Relative rate tests were performed on a single merged alignment and on each of the 84 multiple alignments using Tajima's method [44, 45]. Differences in mutation counts were assessed using the χ2 test based on the assumption that mutation would not show a species preference. When using human as an outgroup, cattle had faster rates of substitution as compared to dog. Although the difference was relatively small (6%), it was significant by the χ2 test (P <0.0001) when the merged alignment was tested. Almost two-thirds (54 out of 84) of the individual alignment rate tests supported that cattle had faster rates, while 11 of these rate tests supported that dog had faster rates (including 5 from the greater CFTR region). The remaining 19 out of 84 tests supported the molecular clock hypothesis for the cattle and dog lineages (including 3 from the greater CFTR region).

Discussion

One of the fundamental challenges in large-scale comparative genomic analysis is to build biologically meaningful multiple sequence alignments [18, 46]. A variety of biological events are known to create insertion/deletions including lineage-specific amplification of tandem repeats, homology-mediated genomic deletions and transposition events [34]. Local alignment algorithms, combined with the removal and reinsertion strategy of repeat elements, have been shown to reduce the number of gaps in DNA alignments and increase sensitivity [22, 47]. This is particularly important for aligning the species like rodents which have high genome-wide substitution rates. However, the aligned ancient repeats may be enriched for those in more slowly changing regions, while the fast changing repeats may be too divergent for detection and alignment [21]. On the other hand, global alignment algorithms seem appropriate for species with low substitution rates like cattle, dog and human. Comparative gene mapping and chromosome painting studies have indicated that a remarkably slow rate of chromosomal change exists within several mammalian orders. Artiodactyls and carnivores are more conserved relative to humans than rodents [4853]. In terms of genomic divergence, previous data [2] also suggests that cattle and dog are more conserved relative to human. But global alignment algorithms assume colinearity between sequences and do not specifically handle synteny breaking events like transpositions, rearrangements (such as microinversions) or duplications [54]. For example, global alignment algorithms may be ineffective to treat lineage-specific repeats which are closely matched such as young SINEs and LINEs, creating suboptimal alignments [21]. These suboptimal alignments may lead to less accurate estimates of sequence divergence. Therefore, in this study, alignment parameters were optimized and a post-alignment filter was applied to overcome the above limitation of the global alignment algorithm. The post-alignment filter effectively removed the suboptimal alignments from the mlagan output. Such suboptimal alignments appeared abnormal because they had extreme fluctuations in genomic divergences compared to their flanking sequences and were always associated with multiple gaps. Similar genomic divergence results obtained in the current study compared to earlier reports [10, 12, 30], confirm that our sequence datasets were representative and our alignment strategies were successful.
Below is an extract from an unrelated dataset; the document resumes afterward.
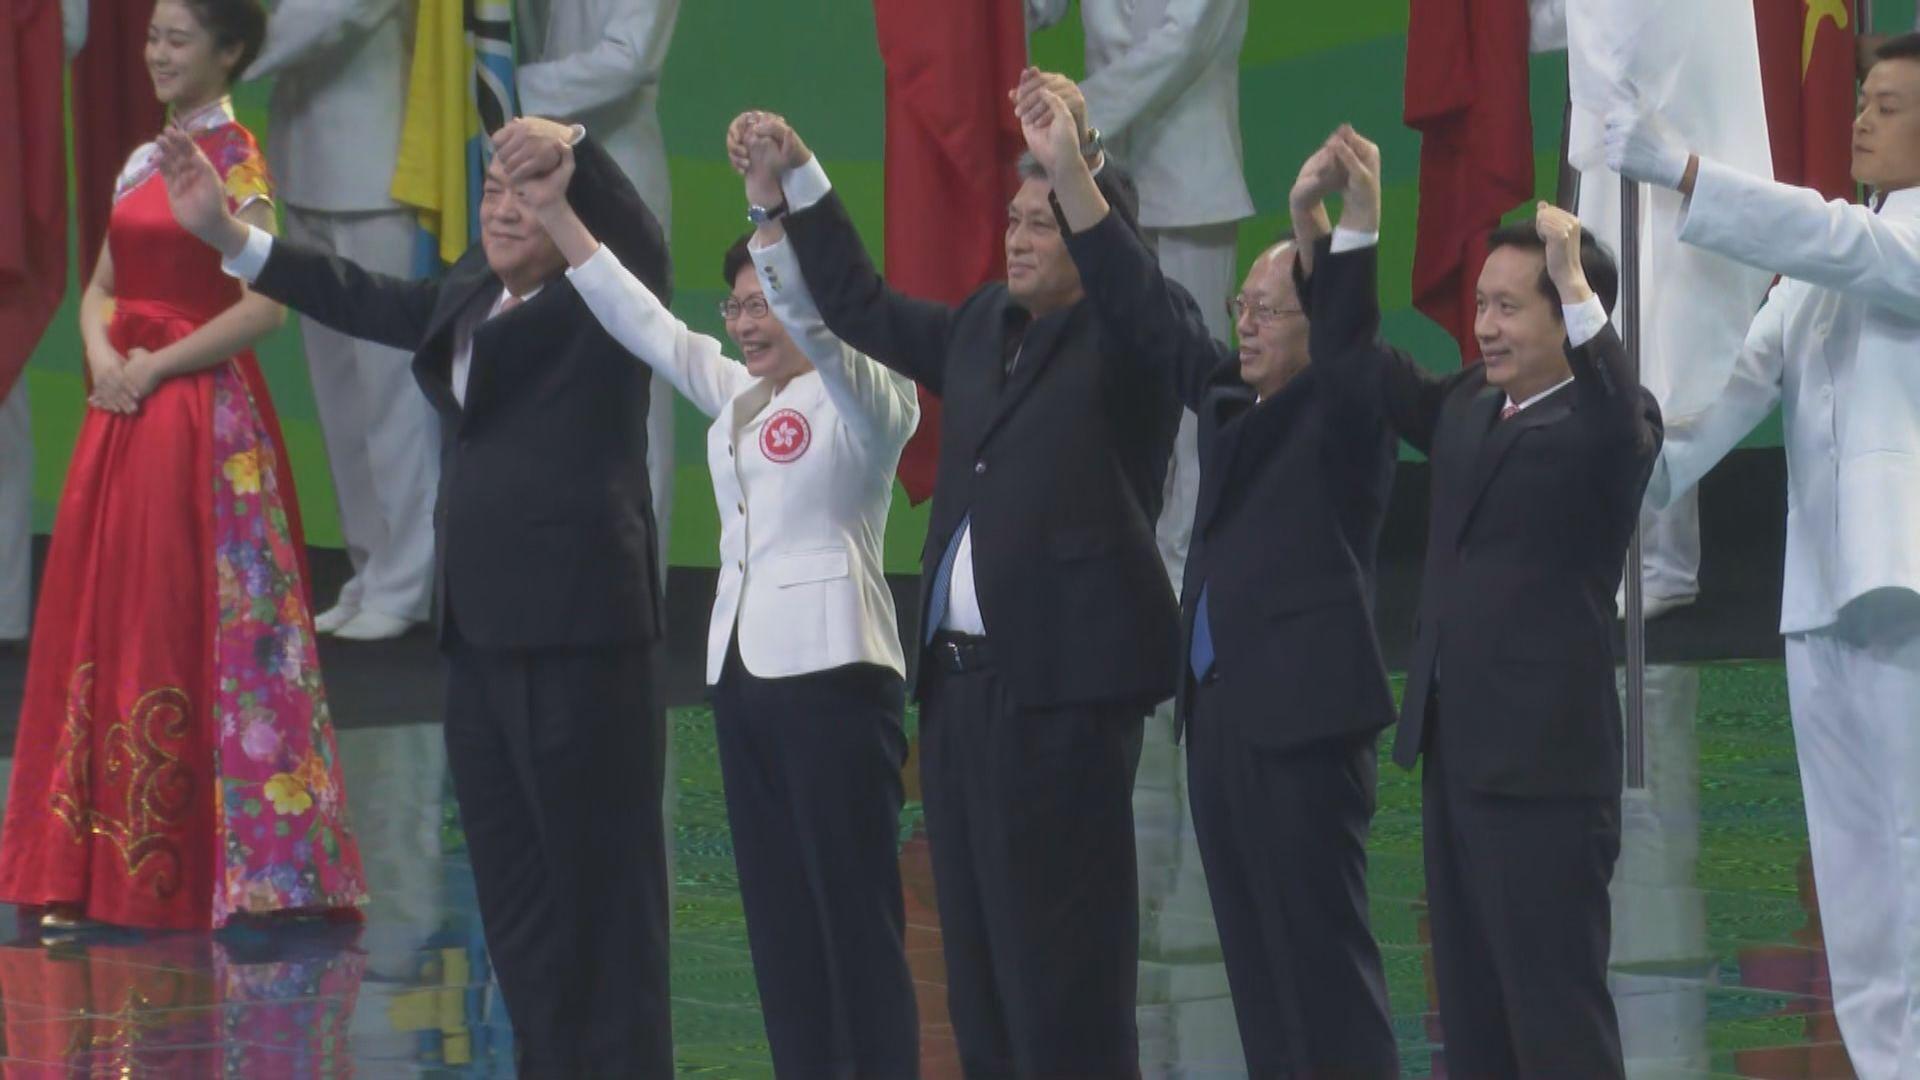 陝西全運會閉幕 授旗給下屆主辦方粵港澳三地

Our orthologous sequence datasets, comprised of 10.5 Mb of cattle sequences, 9.3 Mb of dog sequences and 11.1 Mb of human sequences, were placed on all human chromosomes except for chr 9, 15, 19 and Y (see Additional file 1 Table S3). As a control for sample bias and rate variation among these genomic regions, we mapped randomly selected cattle BAC end sequences onto the human genome assembly Build35 (73,728 BES from CHORI-240 [31]). A comparison of these BES alignments to our large-scale genomic alignments showed comparable results (G.E. Liu et al, unpublished results). Therefore, it is reasonable to believe that these datasets are sufficiently representative and robust to draw sound conclusions regarding rates and properties of mammalian genomic mutation.
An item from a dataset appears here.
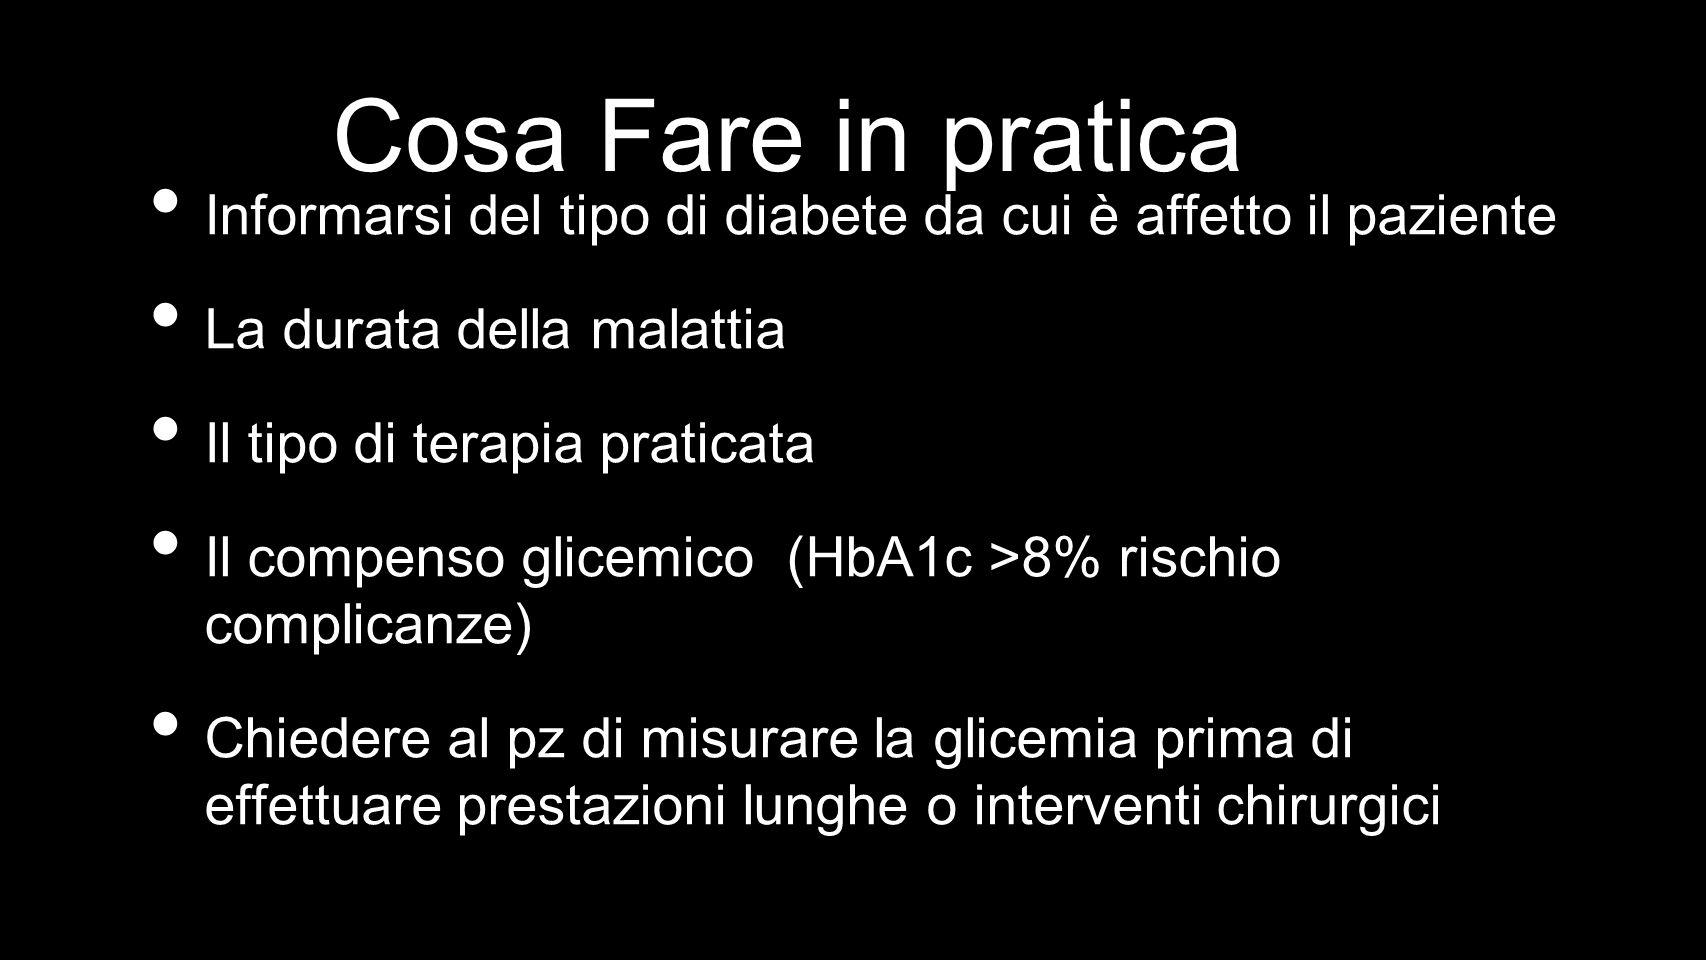 Cosa Fare in pratica Informarsi del tipo di diabete da cui è affetto il paziente. La durata della malattia.

However, our estimates were consistently larger than those in an earlier study of the greater CFTR region [2] and revealed significant rate differences between the cattle and dog lineages. Reanalysis of the alignments in that study (116 kb cattle, 122 kb dog, and 332 kb human sequences, 68 kb aligned bases) indicated that the dog-human divergence (0.3335 ± 0.0046 change/site) was significantly higher than the cattle-human divergence (0.3237 ± 0.0045 change/site) (Relative rate test, p <0.001). Comparable divergences were derived from our AR regions (369 kb cattle, 369 kb dog, and 485 kb human sequences, 157 kb aligned bases) from the same region (dog-human: 0.3856 ± 0.0035 change/site and cattle-human: 0.3870 ± 0.0035 change/site). In our study, no significant rate difference was detected between cattle and dog (Relative rate test, p = 0.251). One possible explanation is that the global alignment algorithm mlagan was used to create multiple alignments in the current study while pair-wise alignments were constructed by the local alignment algorithm – blastz in the earlier study. As discussed above, local alignment algorithms are known to be less efficient in identifying fast changing ancient repeats, which may be too divergent to detect and align. This could lead to the underestimation of the genomic divergences. On the other hand, use of a global alignment algorithm can recover the fast changing orthologous ancient repeats by taking into consideration the conservation of nearby unique flanking sequences. Discrepancies in the significance of rate variation between the small and large datasets also further highlight the importance of a large-scale sampling strategy.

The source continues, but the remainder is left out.